Research Centre of Mathematics, University of Minho, Guimarães, Portugal.
Research Centre Algoritmi, University of Minho, Guimarães, Portugal.
Biol Cybern. 2021 Oct;115(5):451-471. doi: 10.1007/s00422-021-00893-7. Epub 2021 Aug 21.
The ability of neural systems to turn transient inputs into persistent changes in activity is thought to be a fundamental requirement for higher cognitive functions. In continuous attractor networks frequently used to model working memory or decision making tasks, the persistent activity settles to a stable pattern with the stereotyped shape of a "bump" independent of integration time or input strength. Here, we investigate a new bump attractor model in which the bump width and amplitude not only reflect qualitative and quantitative characteristics of a preceding input but also the continuous integration of evidence over longer timescales. The model is formalized by two coupled dynamic field equations of Amari-type which combine recurrent interactions mediated by a Mexican-hat connectivity with local feedback mechanisms that balance excitation and inhibition. We analyze the existence, stability and bifurcation structure of single and multi-bump solutions and discuss the relevance of their input dependence to modeling cognitive functions. We then systematically compare the pattern formation process of the two-field model with the classical Amari model. The results reveal that the balanced local feedback mechanisms facilitate the encoding and maintenance of multi-item memories. The existence of stable subthreshold bumps suggests that different to the Amari model, the suppression effect of neighboring bumps in the range of lateral competition may not lead to a complete loss of information. Moreover, bumps with larger amplitude are less vulnerable to noise-induced drifts and distance-dependent interaction effects resulting in more faithful memory representations over time.

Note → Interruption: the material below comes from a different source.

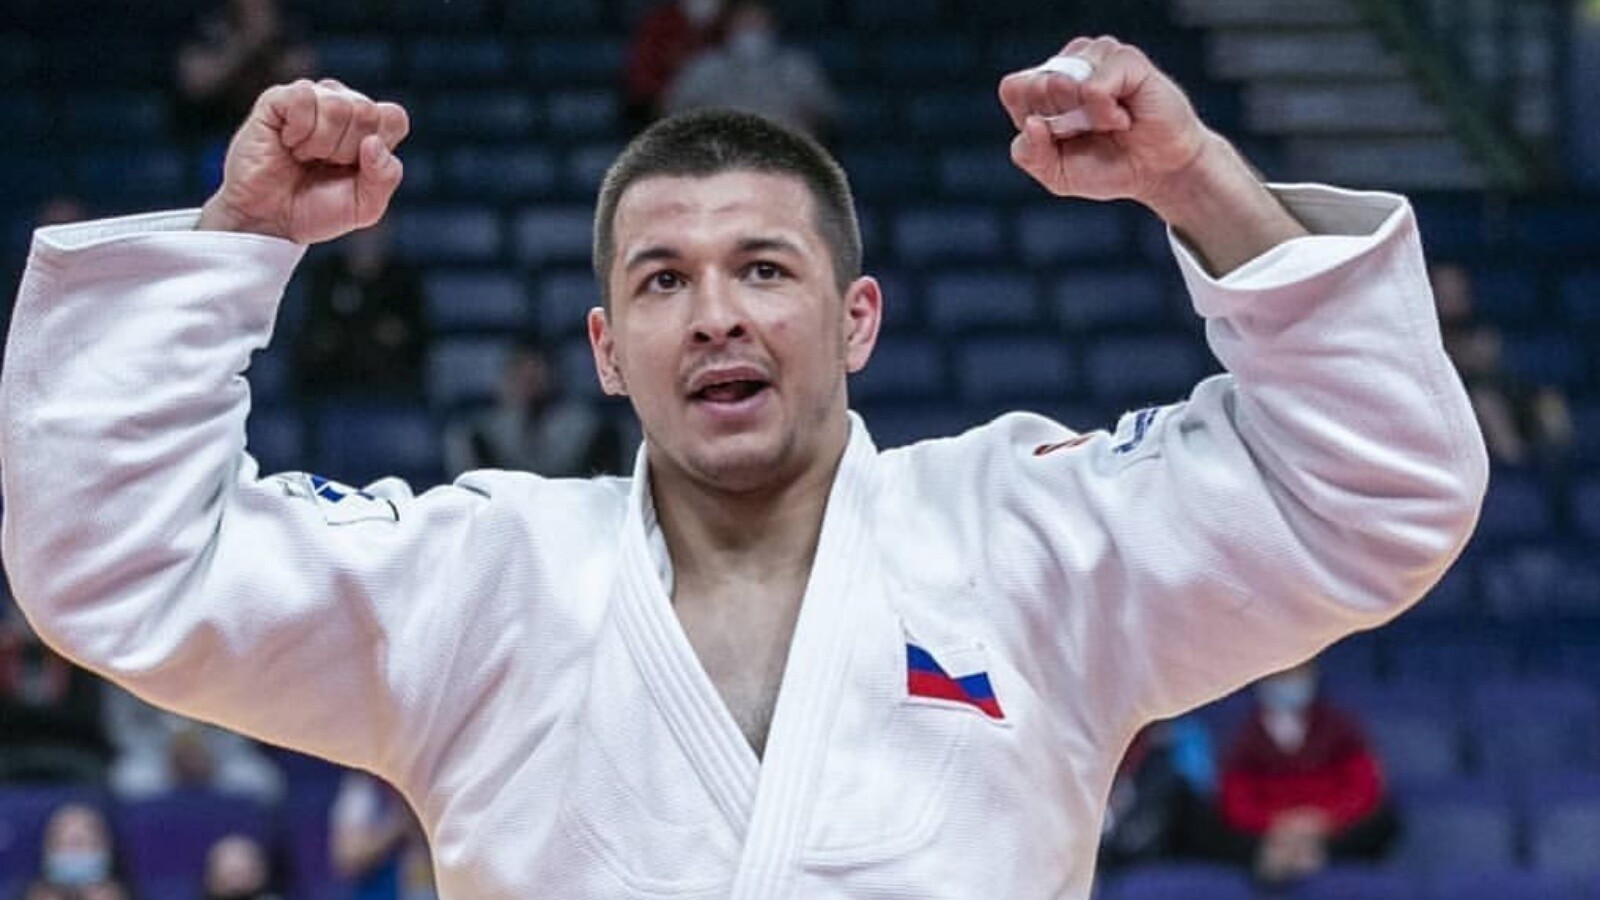 Нияз Билалов из Набережных Челнов стал чемпионом России по дзюдо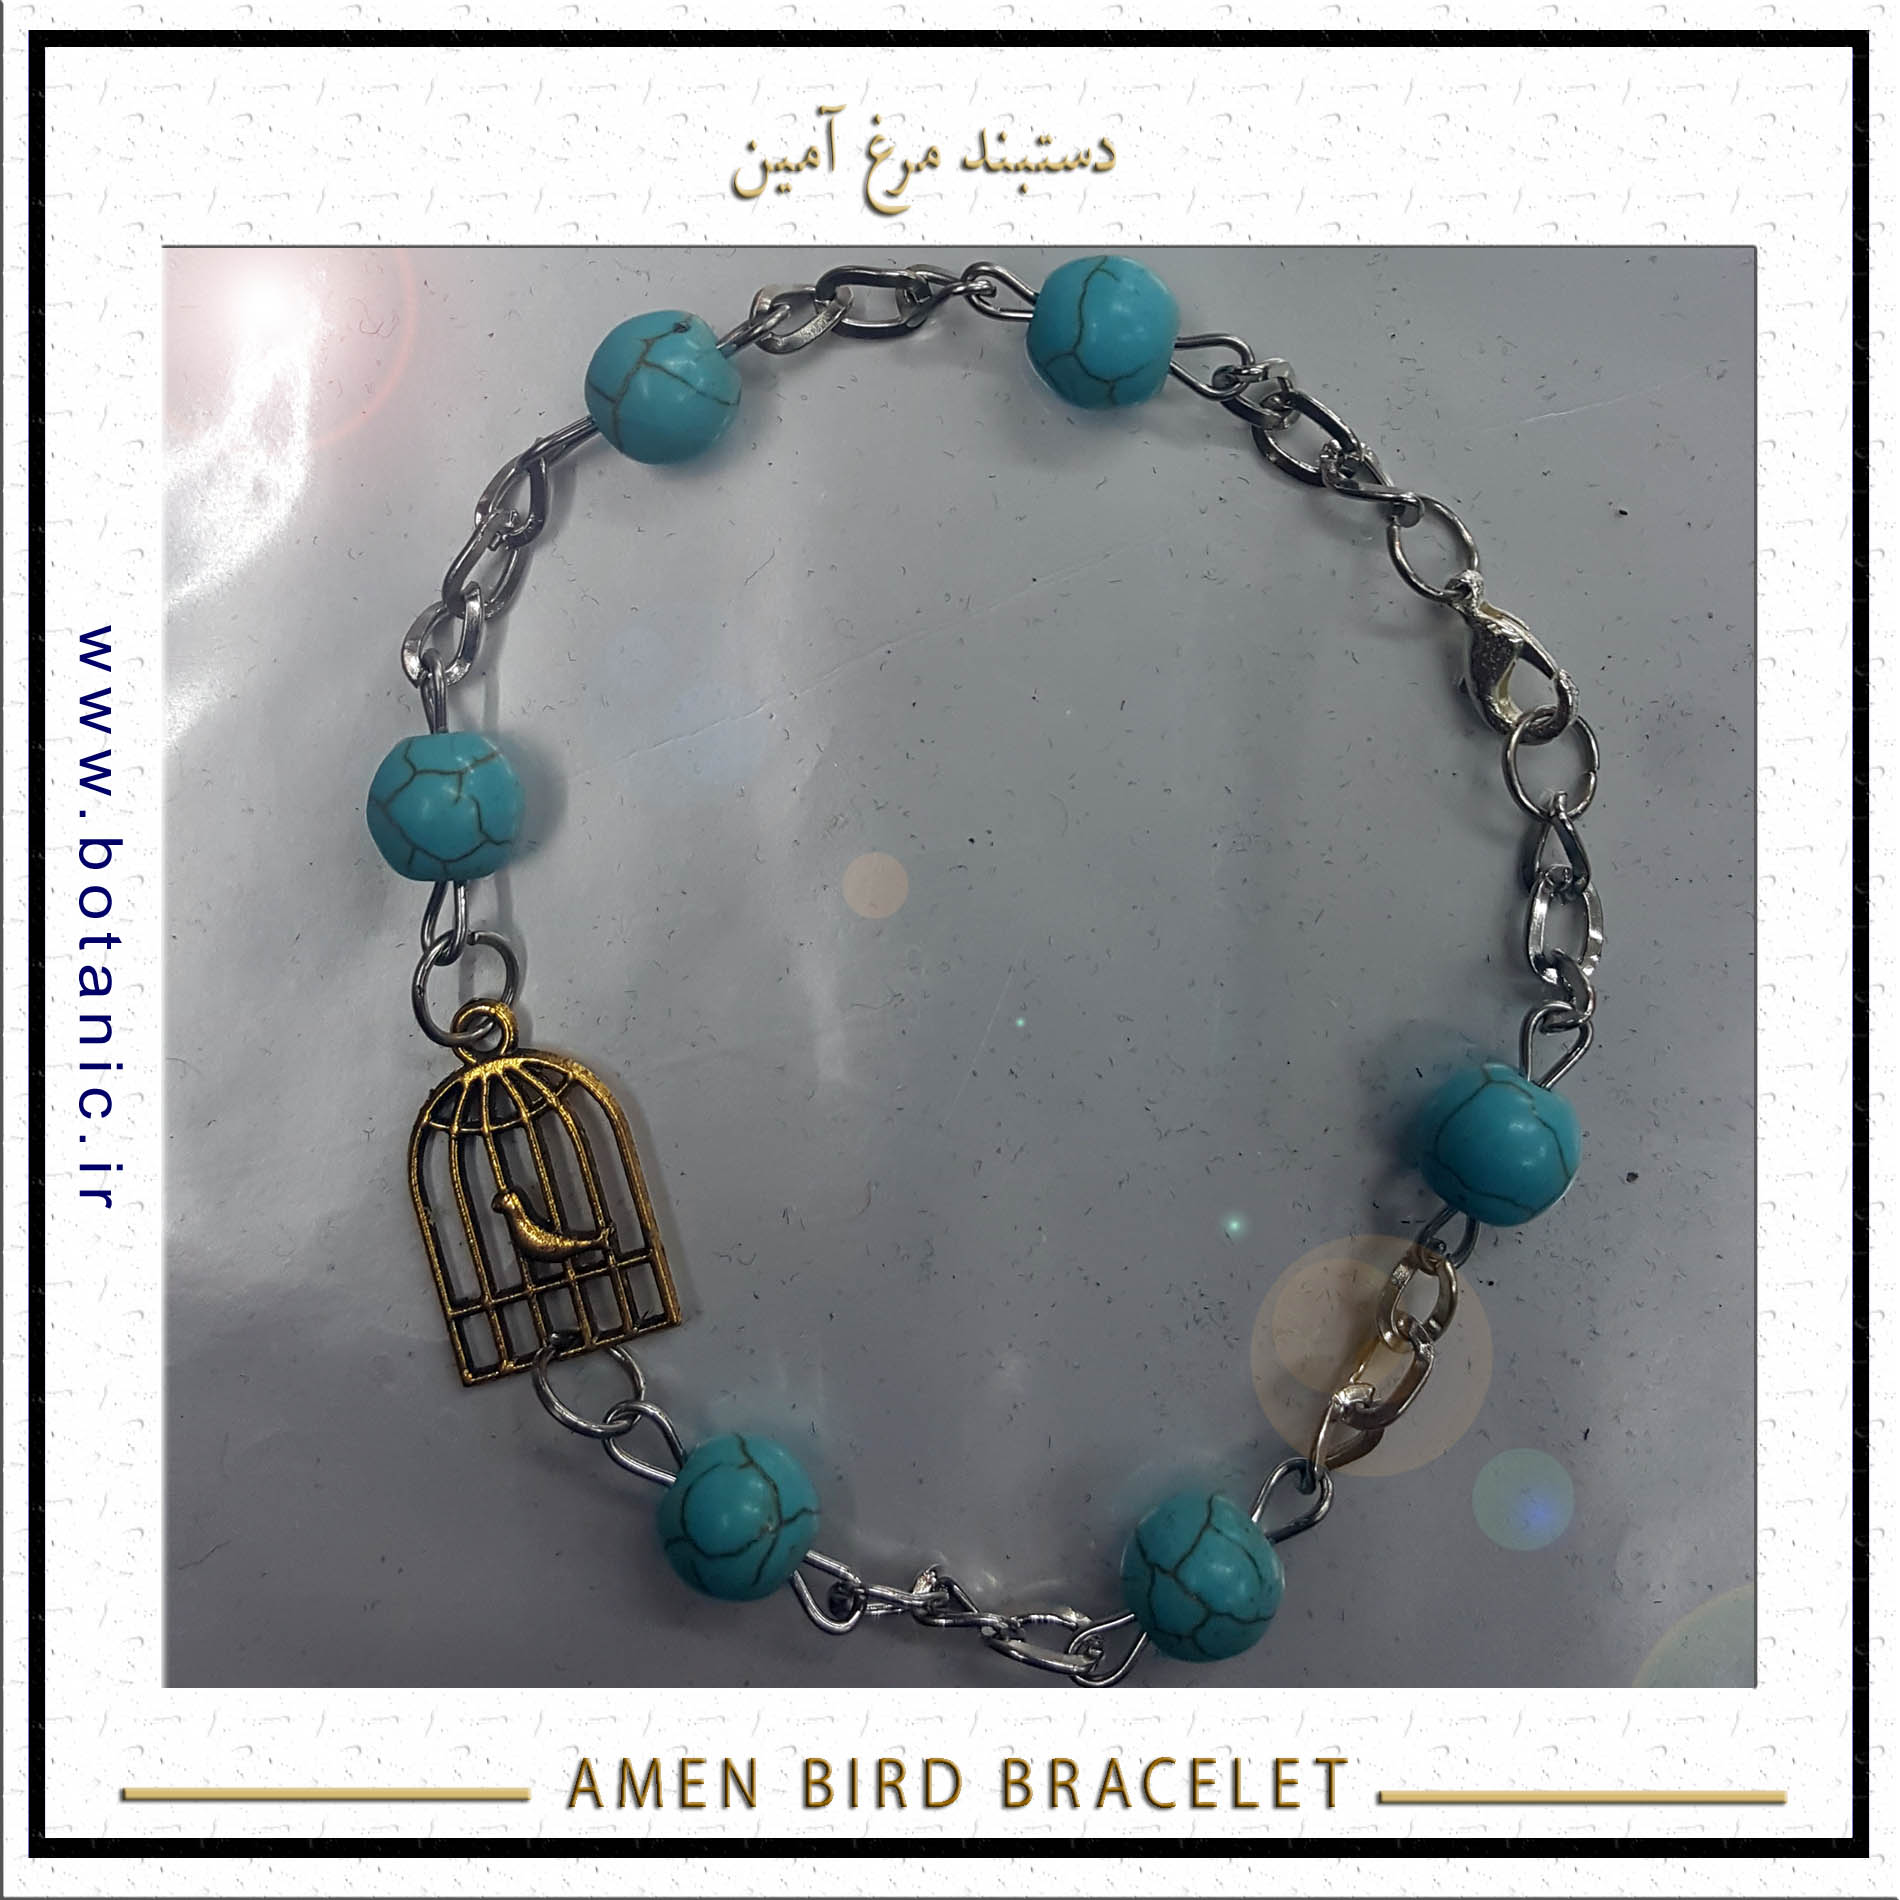 Amen Bird Bracelet

神经系统将短暂输入转化为持久活动变化的能力被认为是更高认知功能的基本要求。在常用于模拟工作记忆或决策任务的连续吸引子网络中,持久活动稳定在一个稳定的模式中,具有刻板的“凸起”形状,与积分时间或输入强度无关。在这里,我们研究了一种新的凸起吸引子模型,其中凸起的宽度和幅度不仅反映了先前输入的定性和定量特征,而且还反映了更长时间尺度上证据的连续积分。该模型通过两个耦合的 Amari 型动态场方程来形式化,这些方程结合了由墨西哥帽连接介导的递归相互作用与平衡兴奋和抑制的局部反馈机制。我们分析了单峰和多峰解的存在、稳定性和分岔结构,并讨论了它们对输入的依赖性与建模认知功能的相关性。然后,我们系统地比较了双场模型与经典 Amari 模型的模式形成过程。结果表明,平衡的局部反馈机制有助于多项目记忆的编码和维持。亚阈值凸起的存在表明,与 Amari 模型不同,在侧向竞争范围内相邻凸起的抑制作用可能不会导致信息的完全丢失。此外,幅度较大的凸起受噪声诱导漂移和距离相关相互作用效应的影响较小,因此随着时间的推移,记忆表示更忠实。